- Golets Kropotkin Location within Zabaykalsky Krai

Highest point
- Elevation: 1,908 m (6,260 ft)
- Prominence: 850 m (2,790 ft)
- Coordinates: 53°43′39″N 117°33′29″E﻿ / ﻿53.72750°N 117.55806°E

Geography
- Location: Zabaykalsky Krai, Russian Far East
- Parent range: Muroy Range, Olyokma-Stanovik

= Golets Kropotkin =

Mountain in Russia

Golets Kropotkin (Голец Кропоткина) is a peak in the Olyokma-Stanovik Mountains. Administratively it is part of Zabaykalsky Krai, Russian Federation. The peak was named after Peter Kropotkin, who had explored the area in 1864.

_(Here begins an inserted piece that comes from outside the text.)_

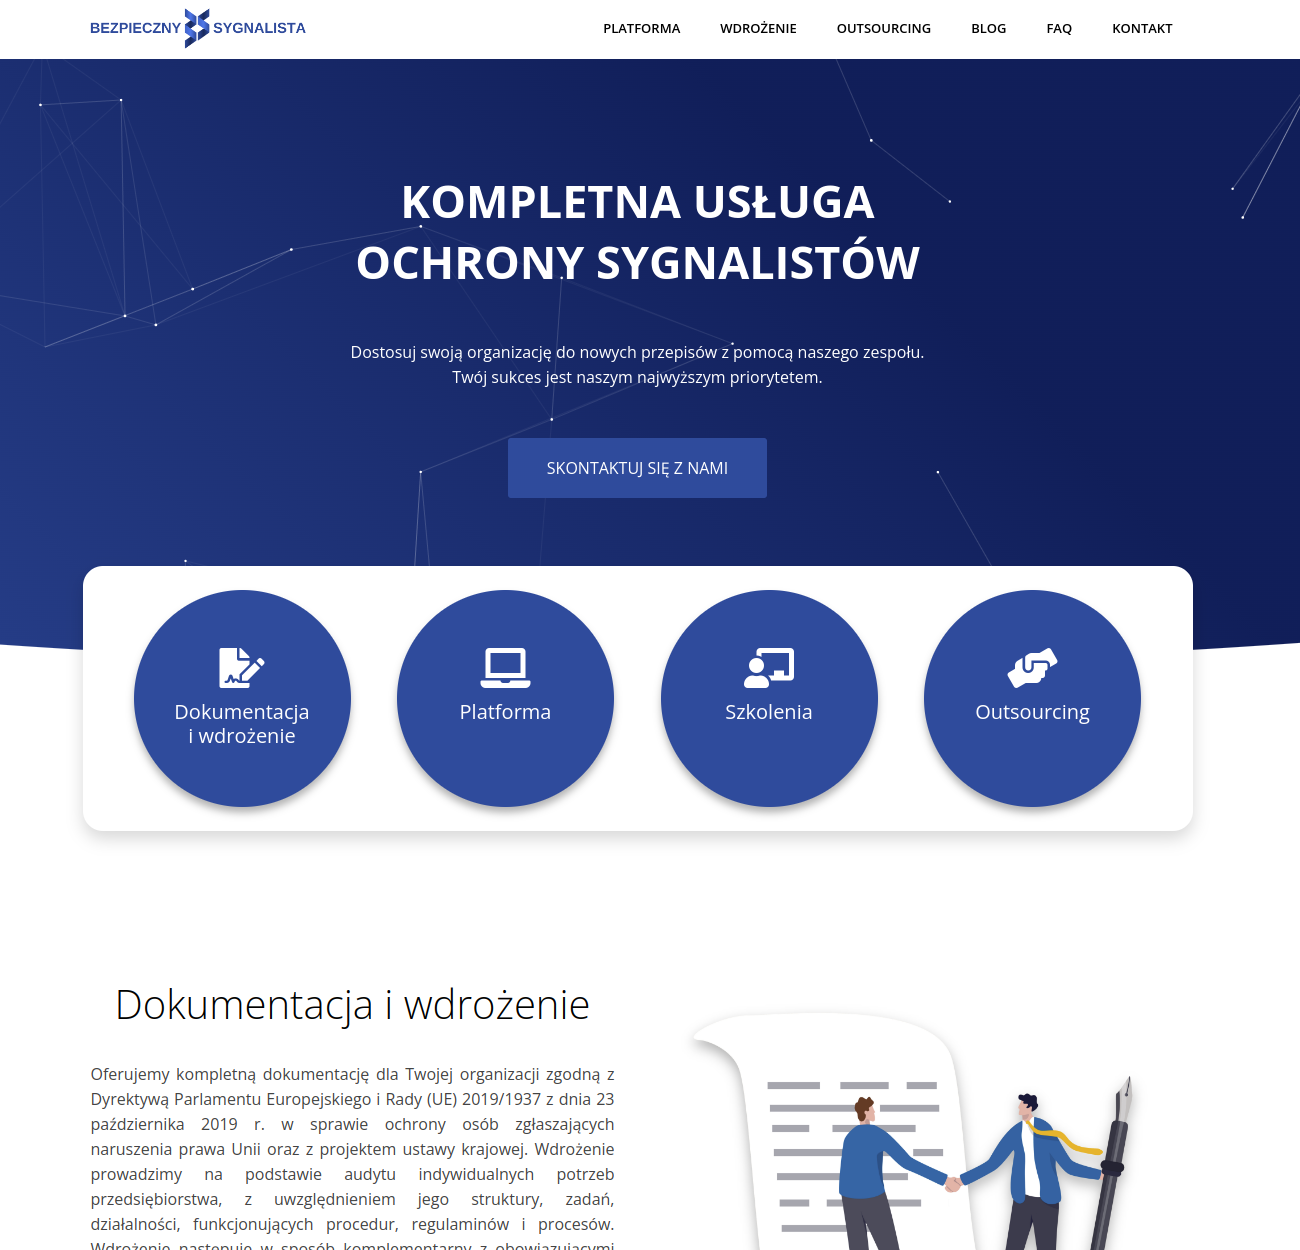 Bezpieczny Sygnalista - design and development of a website and web platform for whistleblowing business and enterpreneurship.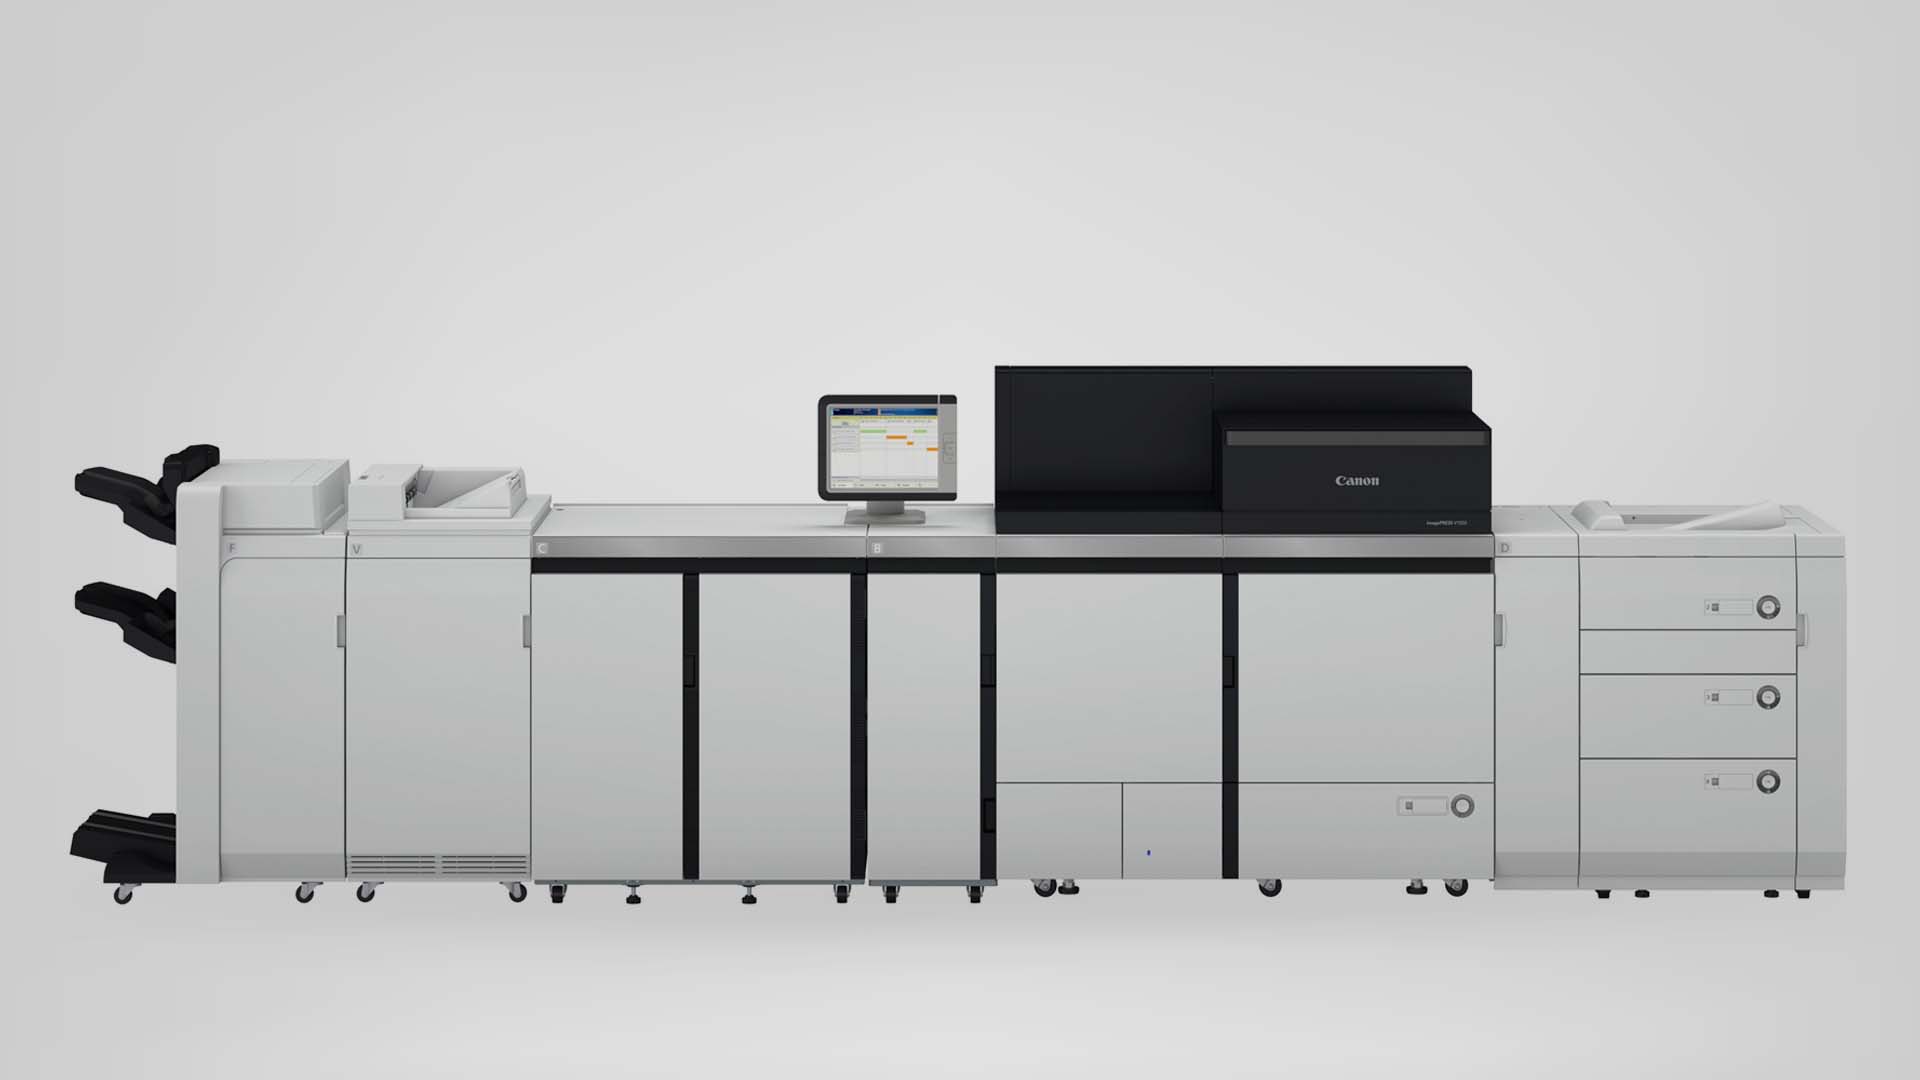 Canon extends its imagePRESS V series with the V1350 and V900

This emblematic summit was declared a natural monument by the Chita Regional Executive Committee order No. 353 on 14 July 1983.

==Geography==
This 1908 m high mountain is the highest point of the Olyokma-Stanovik, part of the South Siberian System of ranges. It is located in the western part of the highland area, on the border of Tungokochensky District to the west and Tungiro-Olyokminsky District to the east.

Golets Kropotkin is a ‘’golets’’-type of mountain with a bald peak belonging to the Muroy Range, one of the subranges of the Olyokma-Stanovik mountain system.

==Flora==
The peak has well-defined altitudinal vegetation zones, with mountain taiga in the lower slopes, followed by pre-alpine woodland and an alpine belt further up. Some of the plants found on the southern sides include Erman's birch, golden rhododendron, Cassiope, alpine bearberry and golden dock, among others.